Gracenote develops Sonic Style, a new metadata category for classifying music

Venerable media metadata company Gracenote (a Nielsen subsidiary) today announced a new technology product called Sonic Style, which classifies tracks into micro-categories that more exactly match up to what consumers with to hear in playlists. The company says this is the first time that precise music style classification can be scaled across massive catalogs of music. “Sonic Style provides the music industry with a powerful and scalable new dataset at the recording level, enabling a more perfect playlist,” according to Gracenote’s press announcement.

The idea behind this new music intelligence layer is to break apart standard genre classifications (Rock, Hip Hop, etc.) and match tracks to playlists in a way that will assist curators and please listeners. Gracenote uses Taylor Swift as an example. Her music as a whole is usually put in the Pop or Country bucket, whereas an analysis of her tracks are more like Pop Electronica, R&B, or other genre slivers.

“These new turbo-charged style descriptors will revolutionize how the world’s music is organized and curated, ultimately delivering the freshest, most personalized playlists to keep fans listening,” said Brian Hamilton, General Manager of Music and Audio.

In a Q&A with Gracenote, RAIN News learned that the company has developed nearly 450 sonic styles in which to categorize tracks. If that number sounds familiar to music intelligence geeks, it’s probably because Pandora boasts of the same number of music attributes analyzed by the human-powered Music Genome. Sonic Style is different, though — each of its 450 styles is an end-point location of a track’s placement within the Sonic Style classification system.

Gracenote notes that Sonic Style is useful in the growing voice-first world of smart speakers and voice-controlled assistance. In that realm music search and discovery could be driven by natural language commands rather than requests for known music genres. We asked Gracenote who are its target customers — smart-speaker OS builders like Amazon and Google? Music services that distribute on those speakers? Auto infotainment systems?

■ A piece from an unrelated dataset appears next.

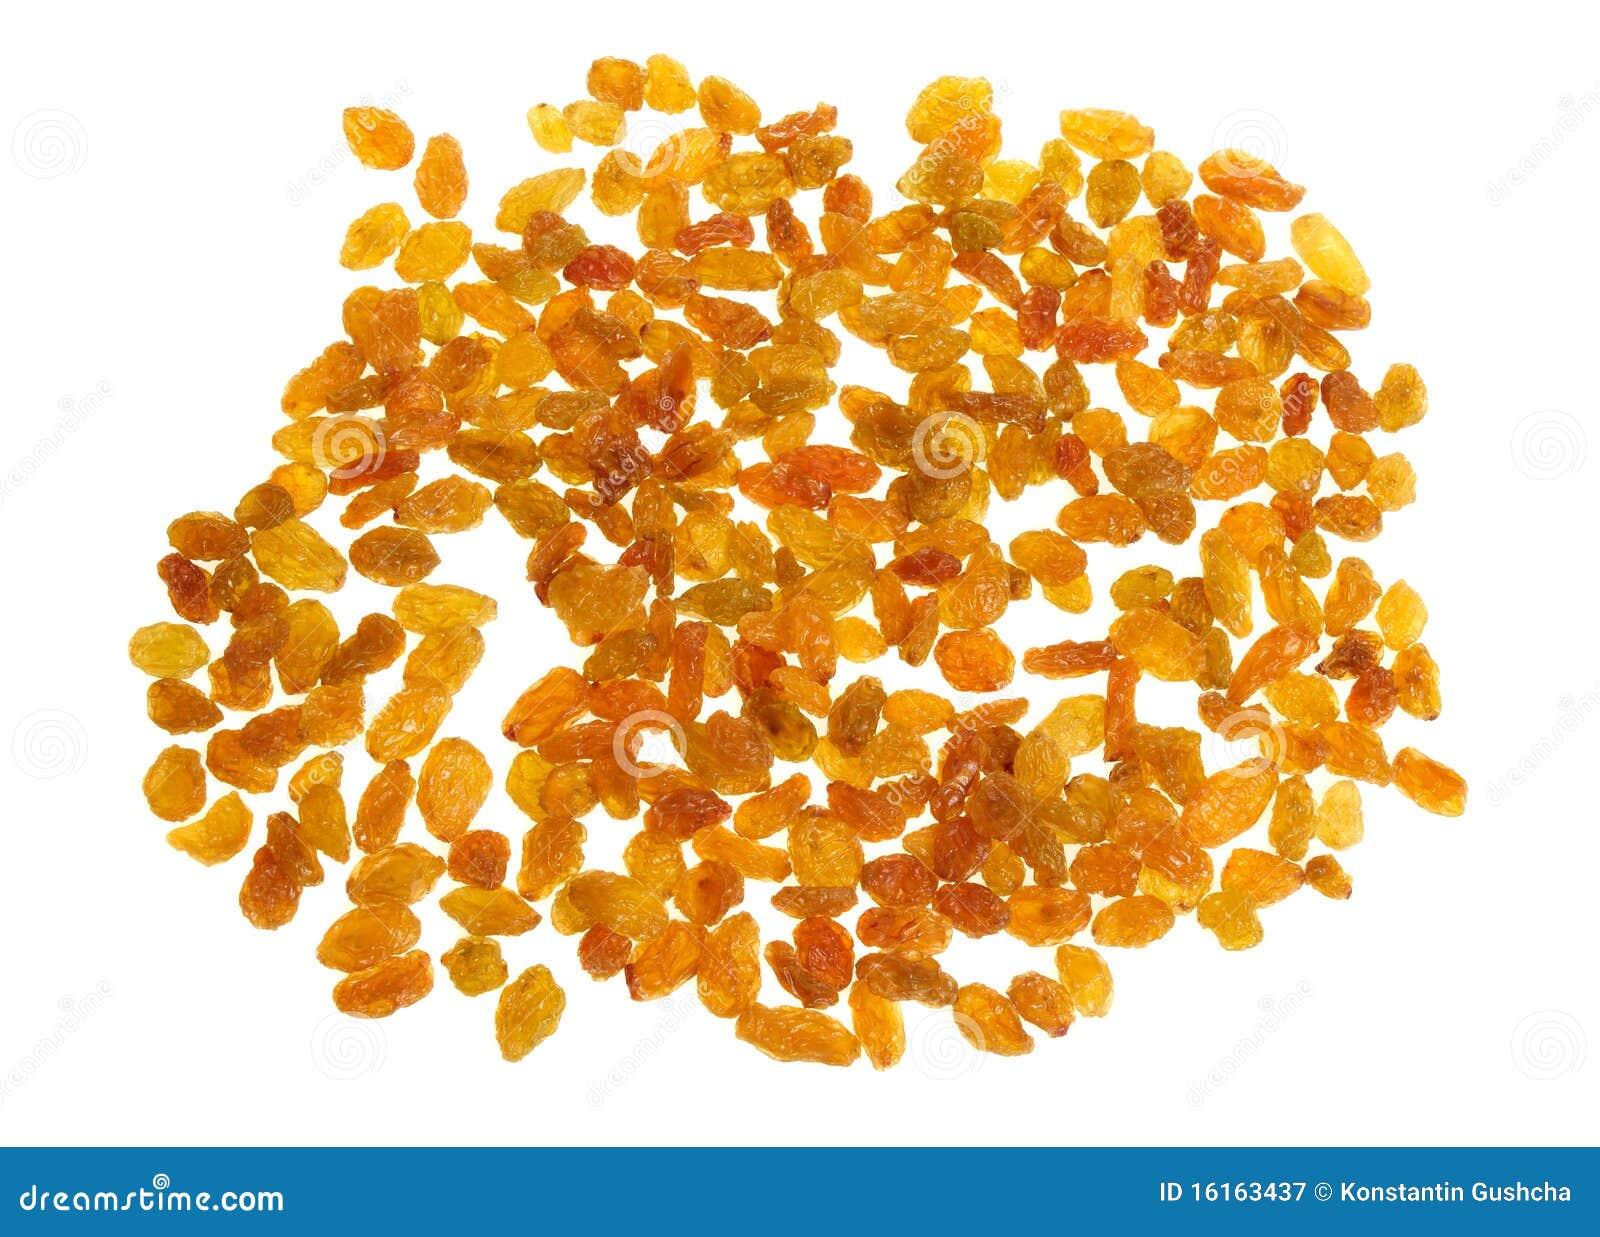 Golden raisins stock image. Image of sweet, heap, grape - 16163437

The reply: “Essentially anyone who is driving search, playlisting, discovery and recommendations of music in order to maximize consumption and engagement.  This includes digital service providers, CE device/smart speaker manufacturers and TV providers as well as music labels and publishers.”

Of course, Gracenote is not the first team to specialize in algorithmic understand of music, and matching songs to listeners. In addition to Pandora’s Music Genome, Spotify acquired The Echo Nest years ago, and has integrated that tech into its data-rich understanding of playlists which helps power Discover Weekly and other personalized playlists. Gracenote itself has been in the game for decades, building an iconic reputation as a metadata master that can match audio waveforms to published records.

We asked how Gracenote is differentiating with Sonic Style. “Metadata is at the core of voice search. The more descriptive information we have about content (in this case songs), the better results we can retrieve for music-related voice searches. We already have mood data that is enabling activity and mood-based playlists such as “play wake-up music” or “play a workout playlist.” Gracenote Sonic Style data now takes the guesswork out of playlisting and ensures the most relevant songs are surfaced by analyzing the unique audio characteristics against our “style” taxonomy. ”

It’s not all machine work. Gracenote emphasized to RAIN that humans are involved at every step, with human editors who have defined the hundreds of styles, and are continually refining the algorithm.